§ Provided material:

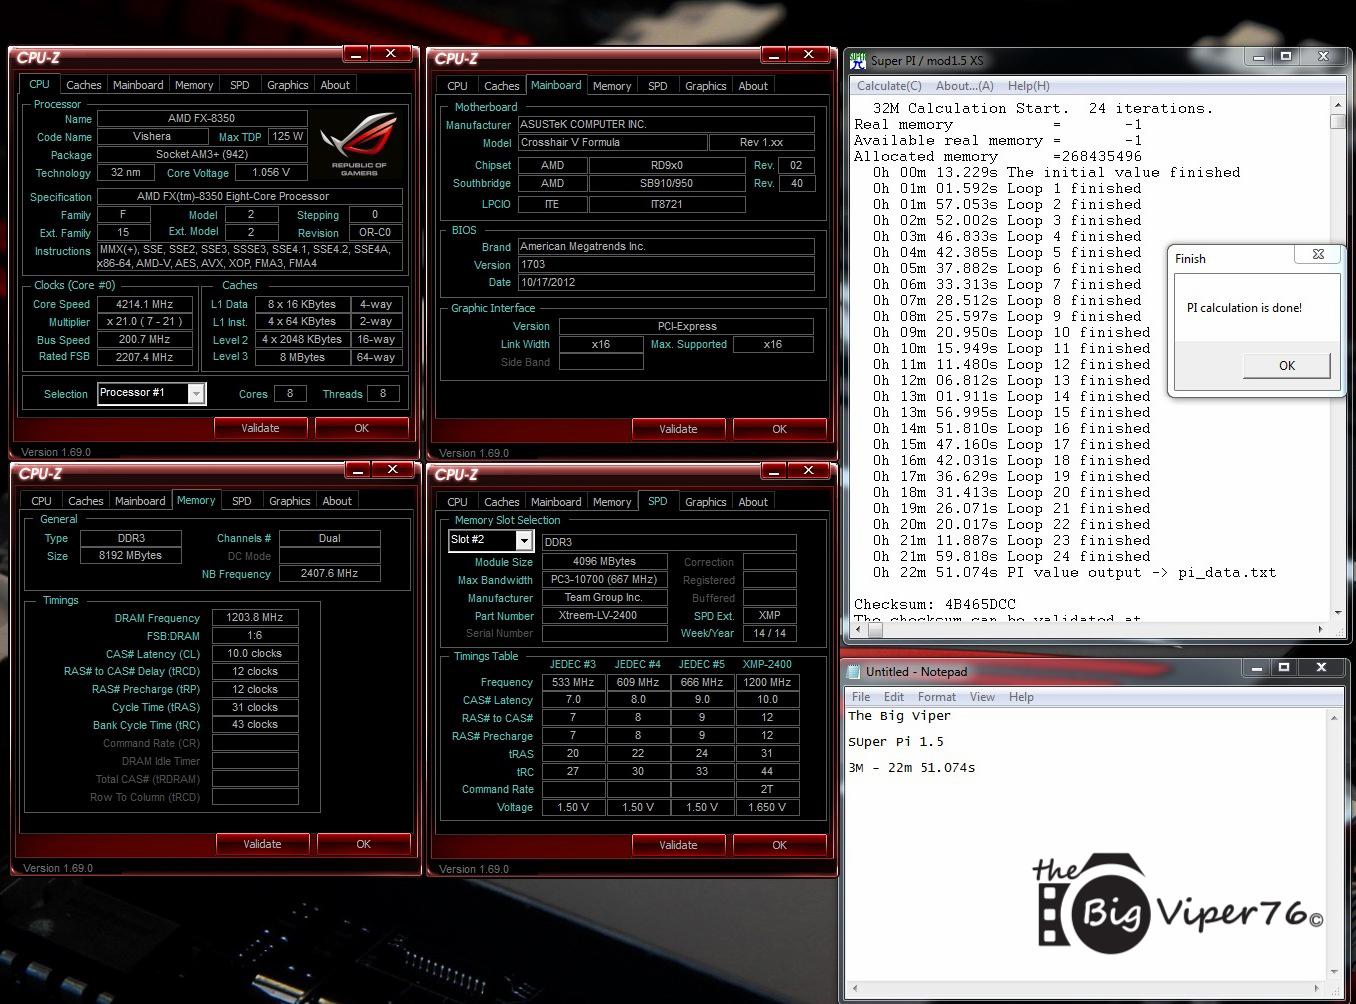 super-pi-1.5-32M-Stock-RUn
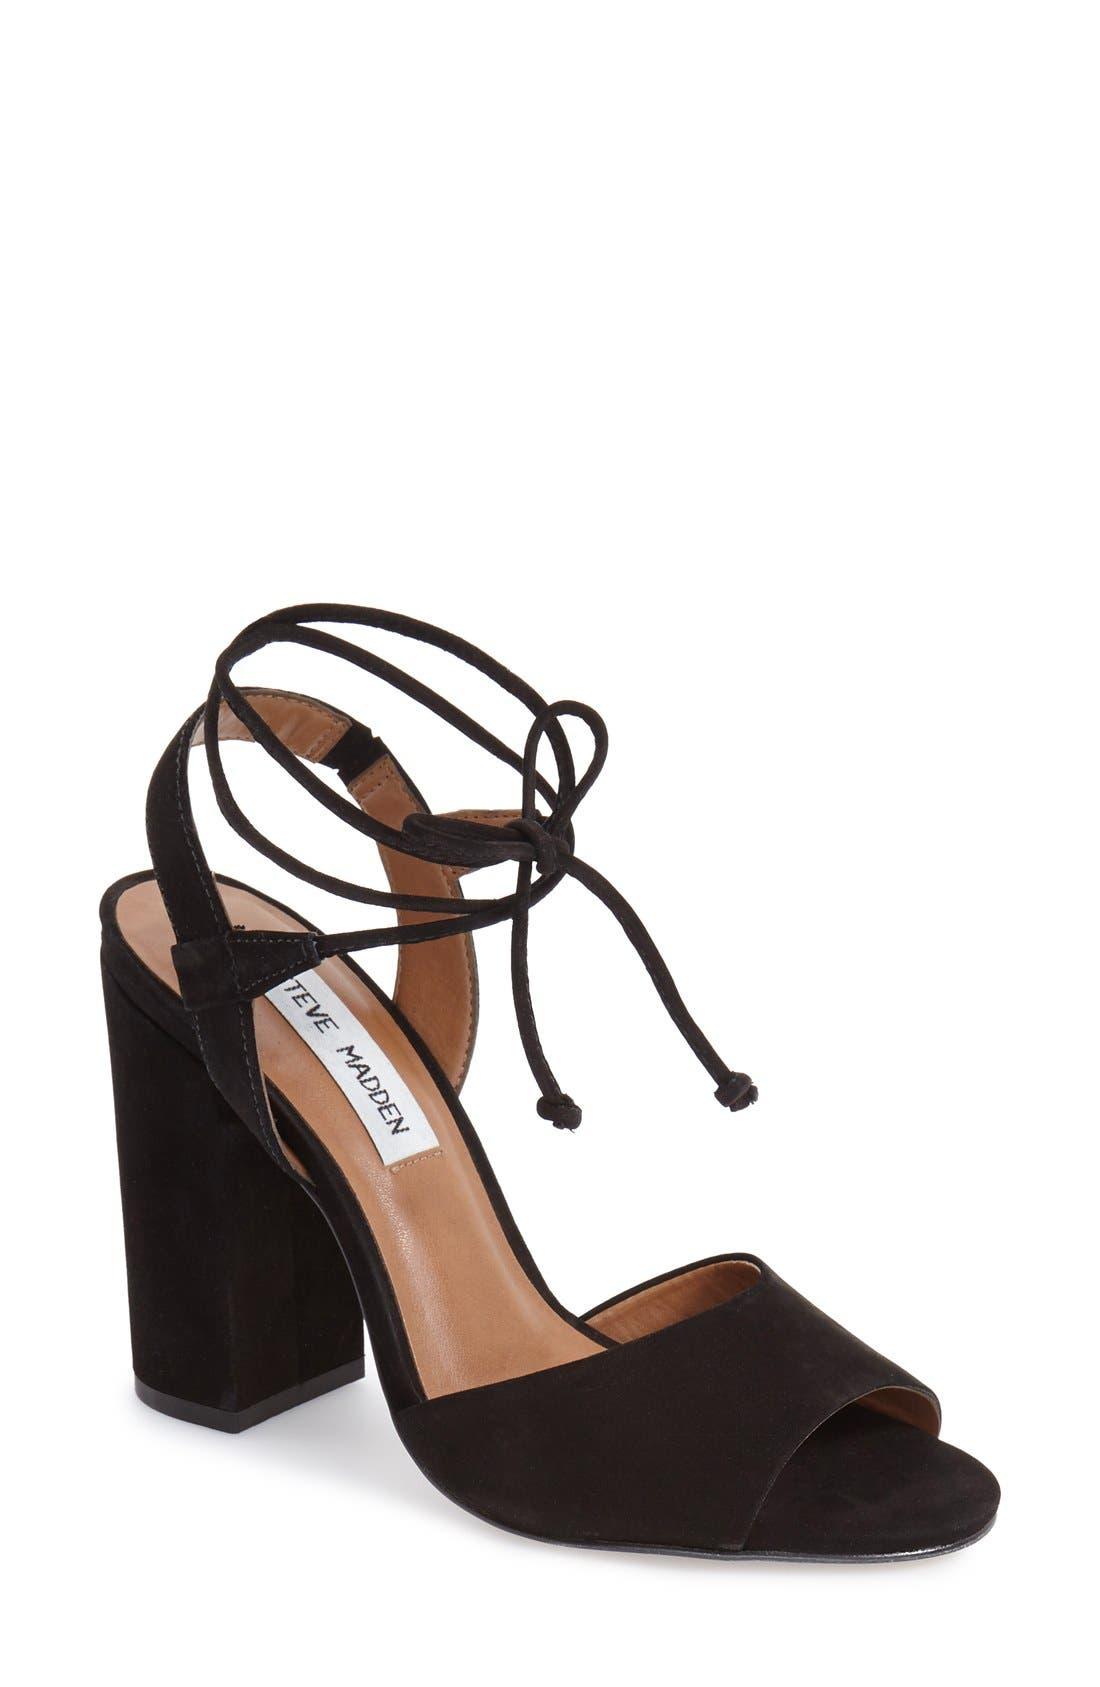 Alternate Image 1 Selected - Steve Madden 'Serrina' Block Heel Lace Up Sandal (Women)
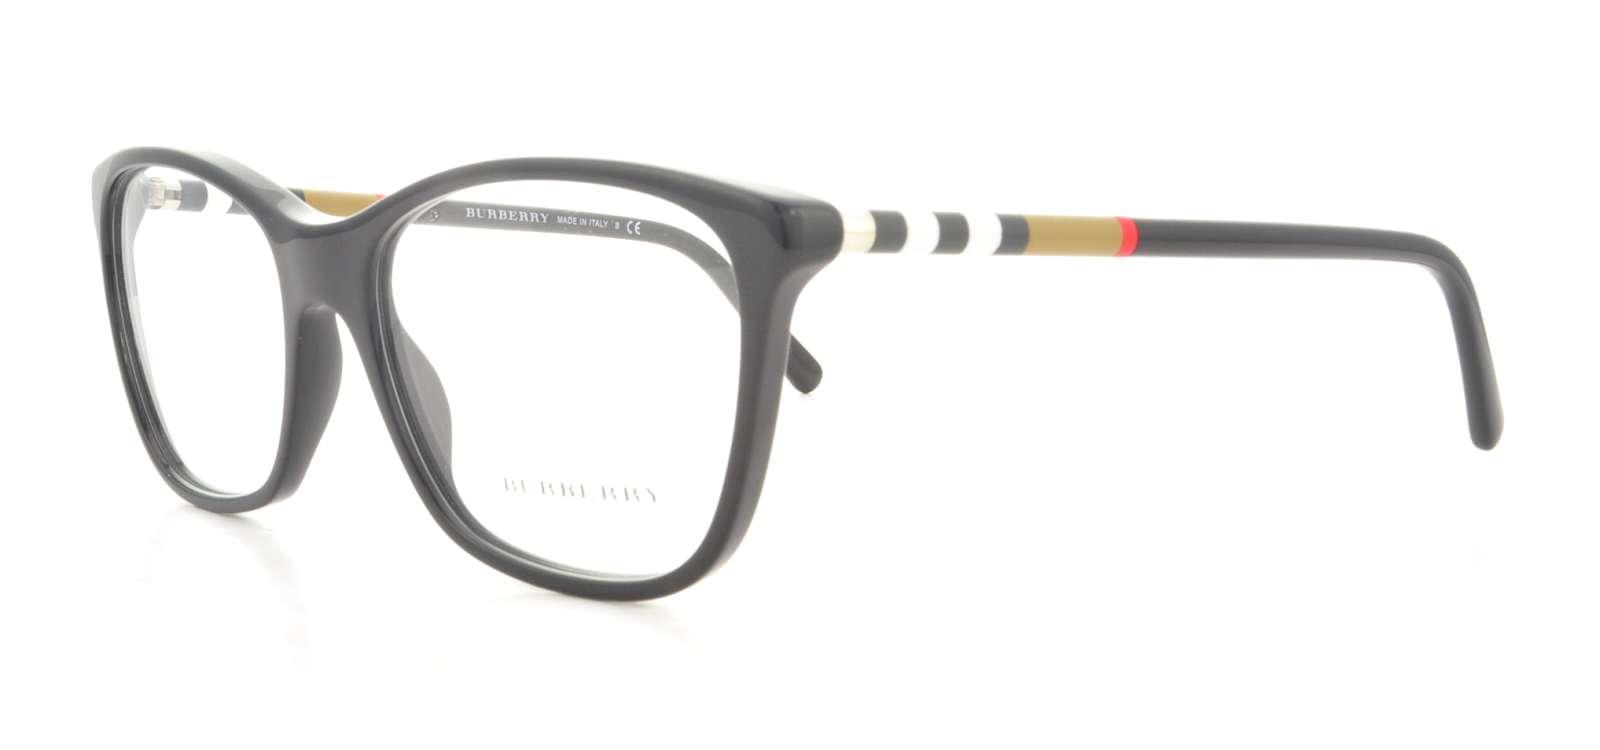 1ac5bf8044a8 Designer Frames Outlet. Burberry BE2141 Mens Burberry Glasses

§ Work to be completed: Write out the listing above again, exactly, but with no pictures in the copy.

§ Exercise response:
 super-pi-1.5-32M-Stock-RUn
 Alternate Image 1 Selected - Steve Madden 'Serrina' Block Heel Lace Up Sandal (Women)
 1ac5bf8044a8 Designer Frames Outlet. Burberry BE2141 Mens Burberry Glasses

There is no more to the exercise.